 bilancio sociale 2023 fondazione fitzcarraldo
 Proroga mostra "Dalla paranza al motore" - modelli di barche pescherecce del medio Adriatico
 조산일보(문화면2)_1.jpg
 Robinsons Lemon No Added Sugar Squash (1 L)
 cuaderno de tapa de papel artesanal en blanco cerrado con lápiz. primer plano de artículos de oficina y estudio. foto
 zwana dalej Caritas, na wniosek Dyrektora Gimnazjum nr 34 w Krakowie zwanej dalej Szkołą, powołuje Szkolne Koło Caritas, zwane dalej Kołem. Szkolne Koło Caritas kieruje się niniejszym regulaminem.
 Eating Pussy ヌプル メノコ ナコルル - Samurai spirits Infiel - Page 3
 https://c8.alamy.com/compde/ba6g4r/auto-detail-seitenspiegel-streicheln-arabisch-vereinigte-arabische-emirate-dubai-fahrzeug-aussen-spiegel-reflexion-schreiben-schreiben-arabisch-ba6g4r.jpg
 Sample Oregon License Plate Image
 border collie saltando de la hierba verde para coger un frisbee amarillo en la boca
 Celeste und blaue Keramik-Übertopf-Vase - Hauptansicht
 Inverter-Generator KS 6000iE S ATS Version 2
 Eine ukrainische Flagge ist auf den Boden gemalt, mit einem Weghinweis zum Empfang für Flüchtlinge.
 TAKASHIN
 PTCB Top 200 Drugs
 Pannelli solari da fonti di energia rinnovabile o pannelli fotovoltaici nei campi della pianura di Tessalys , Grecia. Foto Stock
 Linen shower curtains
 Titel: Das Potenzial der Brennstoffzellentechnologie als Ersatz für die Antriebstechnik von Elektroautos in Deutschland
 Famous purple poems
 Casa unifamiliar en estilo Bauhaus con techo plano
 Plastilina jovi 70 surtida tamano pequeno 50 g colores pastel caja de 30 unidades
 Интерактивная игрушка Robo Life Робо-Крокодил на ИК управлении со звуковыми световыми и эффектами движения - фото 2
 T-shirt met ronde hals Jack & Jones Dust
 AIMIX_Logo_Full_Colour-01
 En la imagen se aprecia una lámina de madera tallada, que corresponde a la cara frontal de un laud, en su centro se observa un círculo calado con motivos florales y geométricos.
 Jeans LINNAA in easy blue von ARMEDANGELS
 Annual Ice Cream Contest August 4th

===

◆ **WHAT IS BEING ASKED**:
Lines after the one containing "cuaderno de tapa" are not part of the task. Output the entries exactly from their first line through that one.

◆ **SOLUTION FOR THIS PROBLEM**:
 bilancio sociale 2023 fondazione fitzcarraldo
 Proroga mostra "Dalla paranza al motore" - modelli di barche pescherecce del medio Adriatico
 조산일보(문화면2)_1.jpg
 Robinsons Lemon No Added Sugar Squash (1 L)
 cuaderno de tapa de papel artesanal en blanco cerrado con lápiz. primer plano de artículos de oficina y estudio. foto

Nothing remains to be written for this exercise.